The simulation result of the KHI wave growth is illustrated in Figure 8. The quantification of the fastest growing wavelength of KHI is difficult when the wave amplitude is so small or irregular in magnitude. In particular, the wavelength in early growth of KHI is of importance since this CFD result and Equation (2) from linear analysis [17] shall be compared. To systematically analyze the dominant wavelengths at the earlier time when the wave height was too small to identify, the volume fraction in the proximity of the interface was transformed into wave numbers per unit length using the fast Fourier transform (FFT) technique. As shown in Figure 9, the FFT frequency output corresponds to the number of waves per meter; thus, the reciprocal of this is the wavelength. The calculated fastest growing wavelength is shown in Figure 8, and it increases as the wave grows.
As seen in Figure 9, the FFT result does not show a unique frequency, but at least the dominant frequency of the peak magnitude can be identified. The wavelength obtained by the FFT technique was compared with the graphical measurement using the contour plot of melt volume fraction and the agreement was acceptable. The value of λD at the earliest time when it can be identified was 0.45 mm for relative velocity of 4.0 m/s and 5.64 mm for 1.0 m/s.
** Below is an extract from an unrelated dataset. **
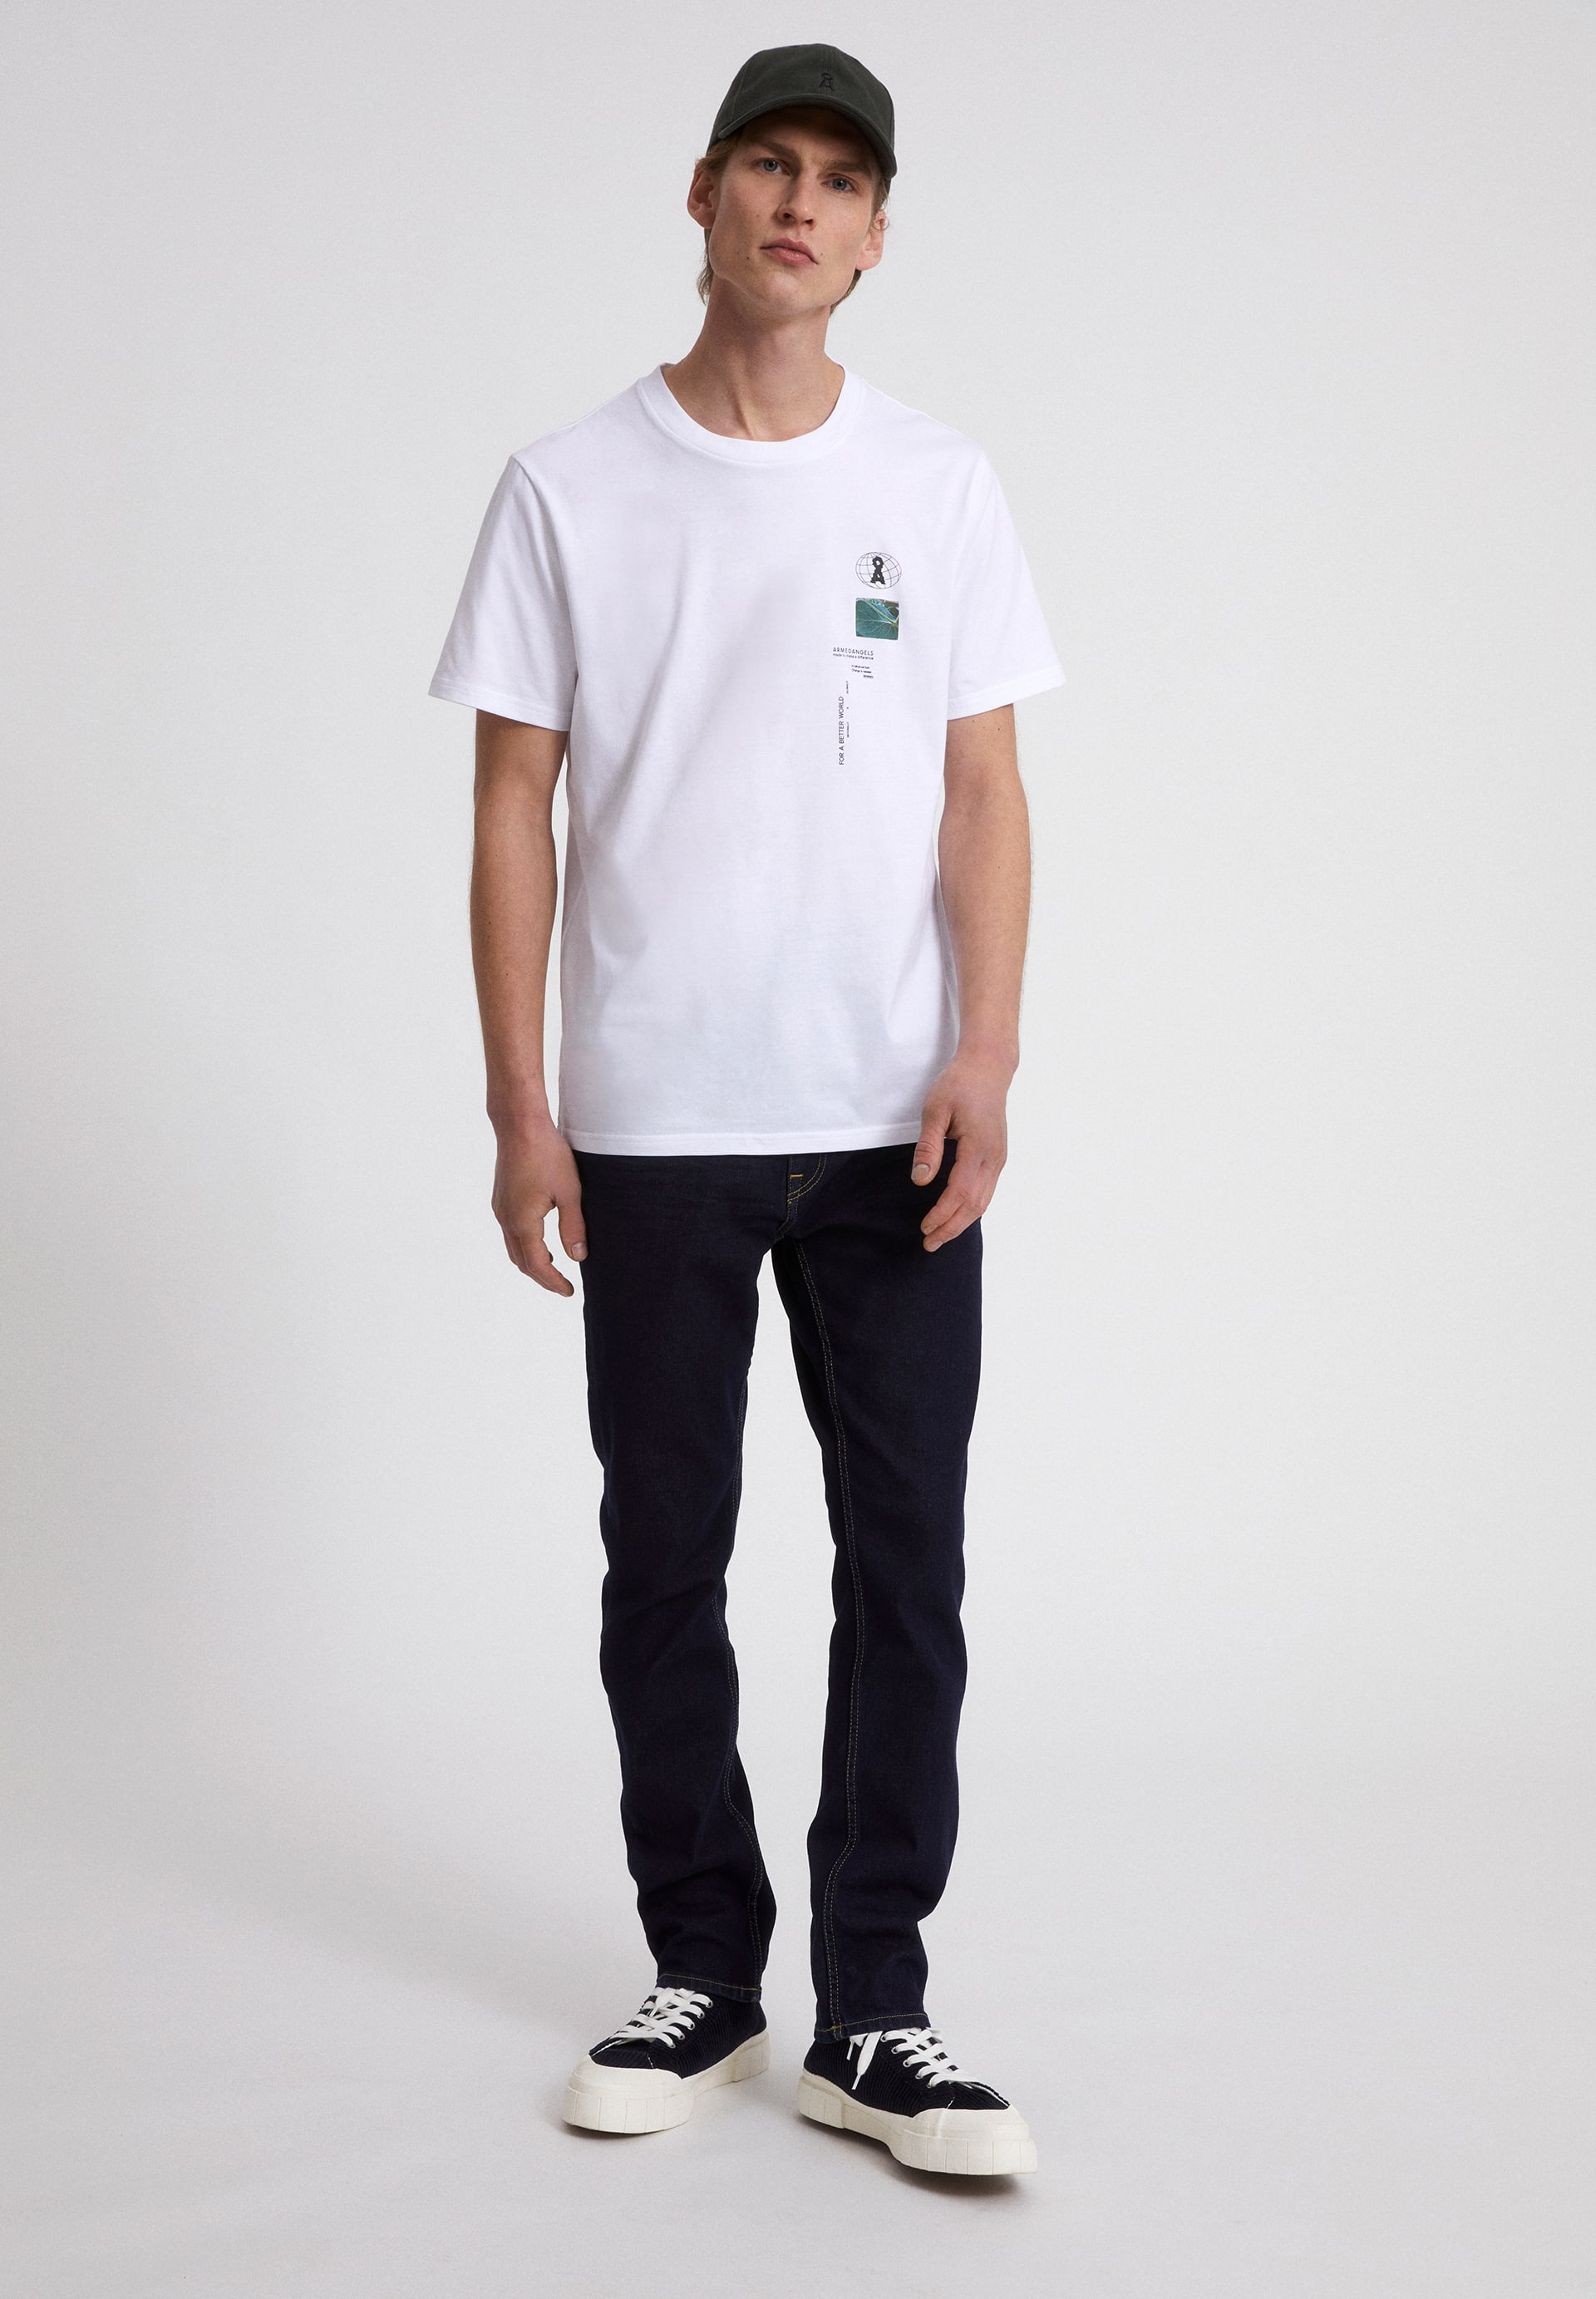 AADO BETTER WORLD T-shirt en coton biologique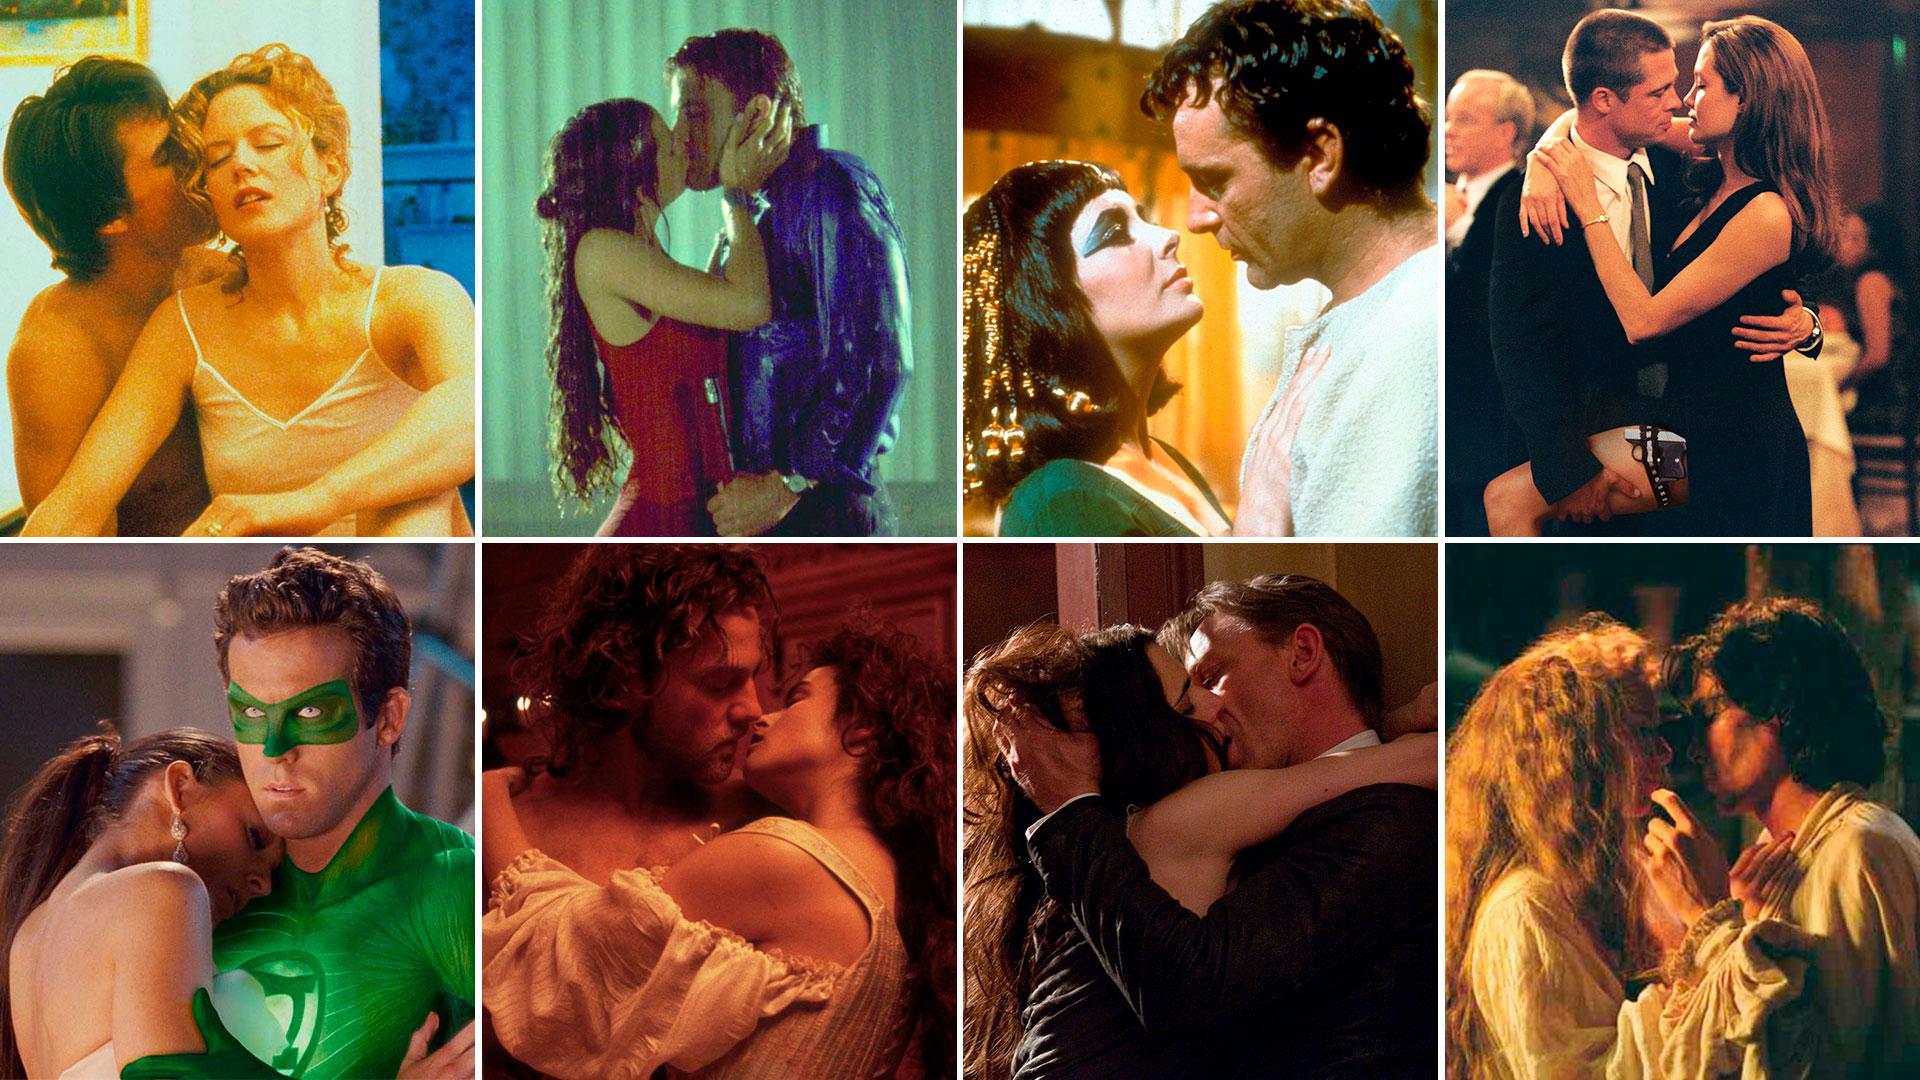 Alta Infidelidad Pelicula Completa pasiones e infidelidades en hollywood: películas que

The linear analysis of KHI (Equation (2)) gives 0.28 mm for relative velocity of 4.0 m/s and 4.8 mm for 1.0 m/s. Comparison of these numbers implies that λD at the beginning of wave growth obtained by CFD simulation is close to the estimate by Equation (2). However, as the wave grows further, λD increases gradually.
The particle size information was obtained by the same way as shown in Figure 5. The interface shape and particles at the full growth of waves is illustrated in Figure 10. The size distributions at selected times are shown in Figure 11. At the early time, the particle size is mostly 0.3 mm, but the distribution is widened as wave growth proceeds, but the Sauter-mean diameter was less than 1.0 mm at all times of calculation.
The computational results of KHI show that the theoretical fastest growing wavelength can be seen at the very early time of wave growth, and then the wave becomes bigger gradually. This implies that the estimation of KHI particle size by the theoretical fastest growing wavelength (Equation (2)) may not be valid.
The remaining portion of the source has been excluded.